With Vehicle Network Toolbox, you can easily import and export measurement data format (MDF) files. The toolbox supports version 3.0 and higher of the MDF standard. When you work with MDF files in MATLAB, you can view the basic properties about the file, including initial time stamp, data size, channel group, and channel name information. You can also create MDF files from MATLAB and write timetable data to existing MDF files.

To read in a subset of an MDF file, you specify the channel names or the start and stop times. By default, the output format of your result will be returned as a timetable so that you can easily work with the time-stamped data.

For large MDF files that don’t fit in memory, you can create an MDF datastore and preview the data in batches based on parameters that you specify. You can also create a datastore to easily work with a collection of similar MDF files.

MATLAB interface for inspecting MDF files with the preview function and the Variables editor.

Example code to preview an MDF file via the command-line interface and then inspect the data in the Variables editor.

Use Virtual Channels

You can use virtual CAN and CAN FD channels for testing and simulation of network communications. With a virtual channel, you can test models in a loopback configuration without using physical hardware. Vehicle Network Toolbox supports two kinds of virtual channels: MathWorks virtual channels and those from third-party CAN interface hardware vendors. Virtual channels from third-party vendors such as Vector and Kvaser require the installation of the corresponding vendor driver or hardware support package.

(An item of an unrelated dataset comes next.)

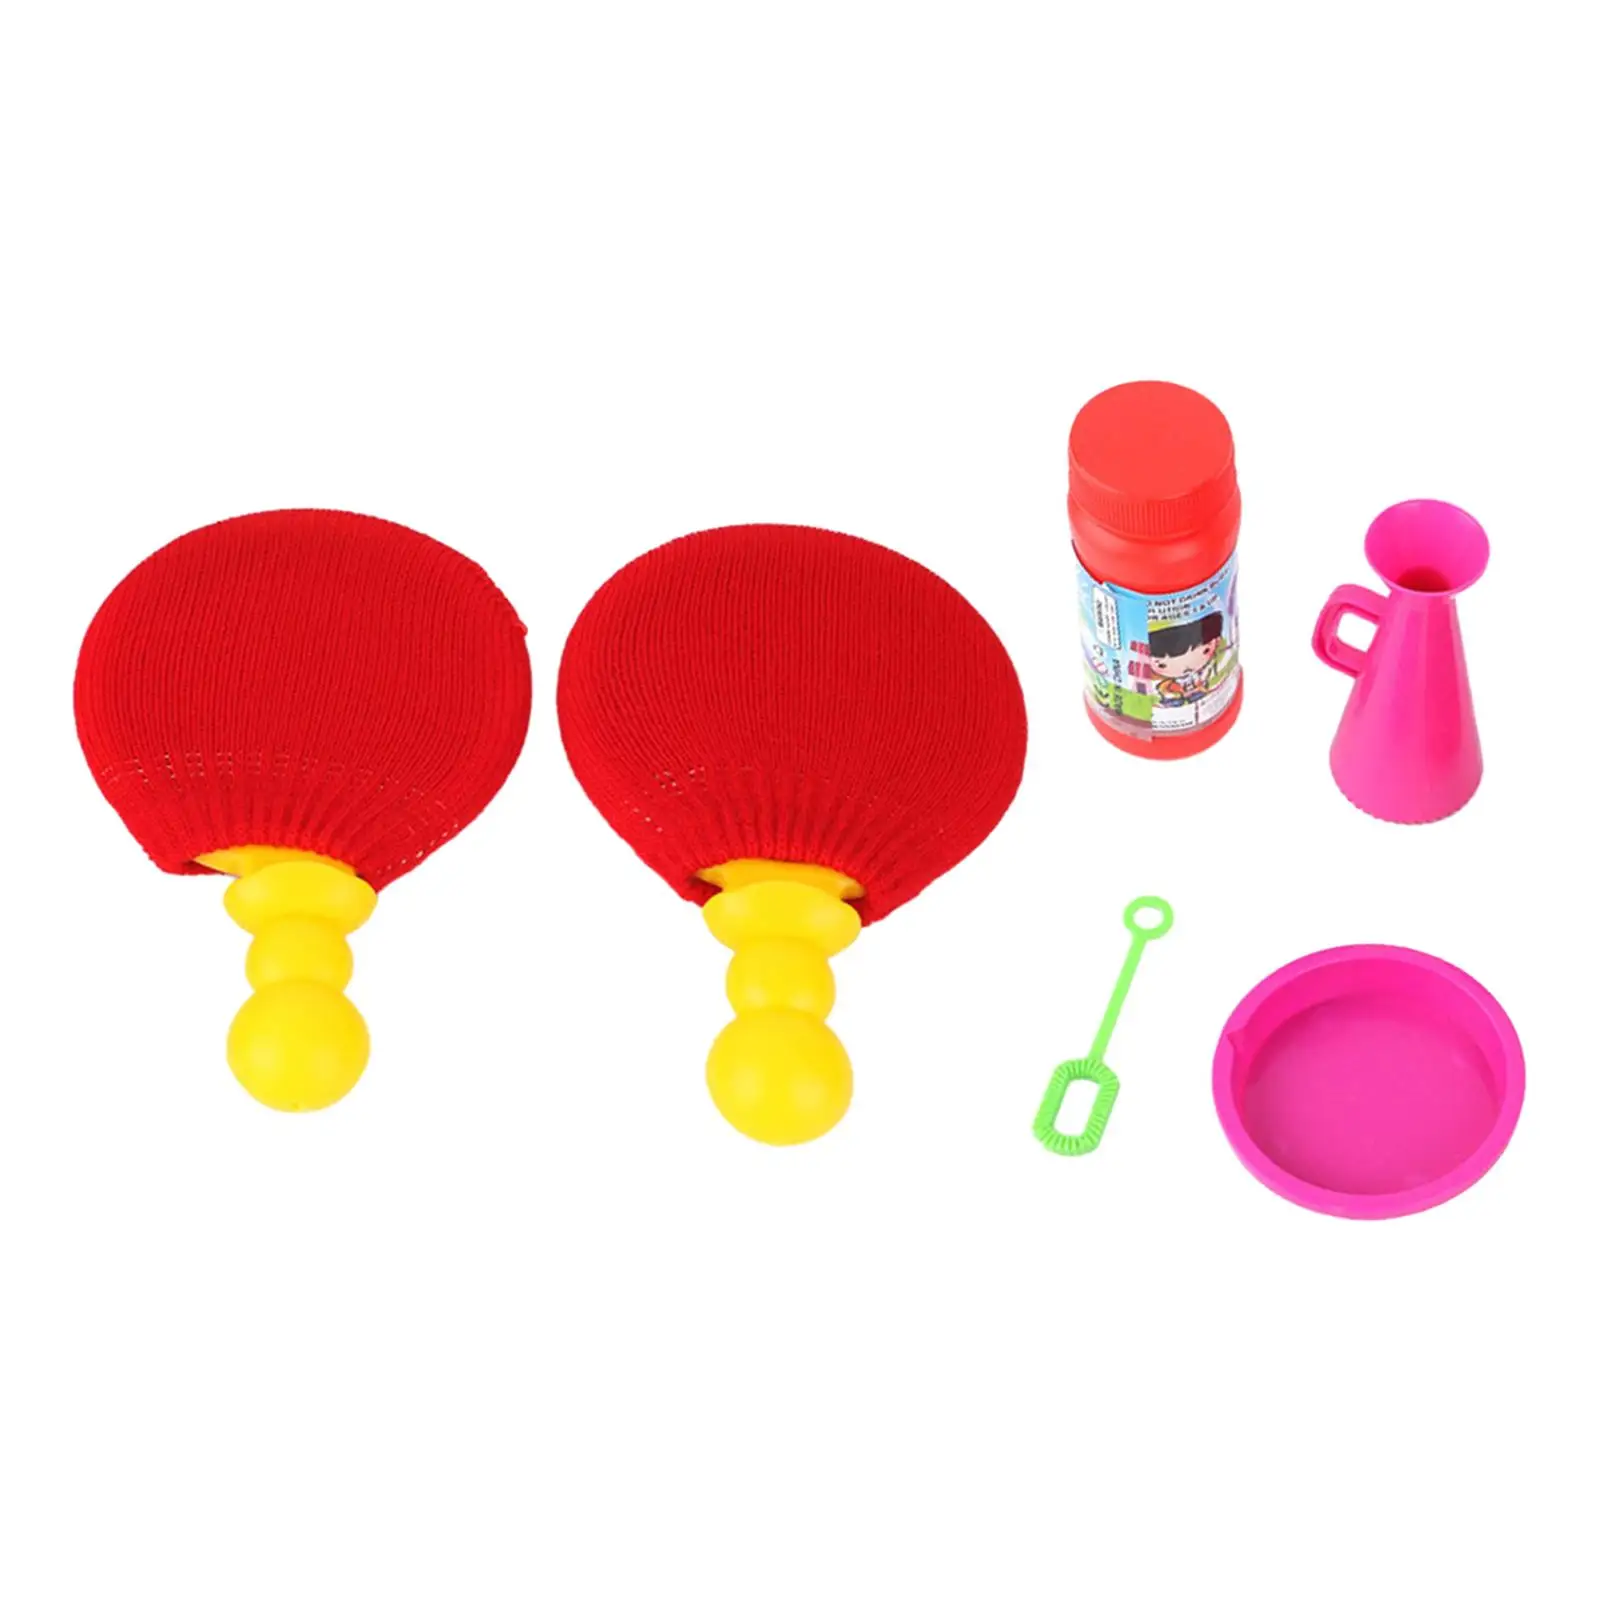 Touchable Bouncing Bubble Kits Ping Pong Game with Soap Bubble for Toddlers

MathWorks virtual channels are shipped with the toolbox and require no additional drivers or support packages.

Simulink blocks to send and receive data using MathWorks virtual channels.

Simulink model showing the use of MathWorks virtual channels to send and receive CAN data without any hardware.

Work with CDFX Files

Access data in ASAM calibration data format (CDFX) with the cdfx function provided by Vehicle Network Toolbox. Use calibration data from a CDF file as inputs to a Simulink model.

Plot showing the ASAM.C.MAP parameter rising and falling over time.

Using calibration data from a CDFX file as input to a Simulink model, and plotting the simulation output for the ASAM.C.MAP parameter.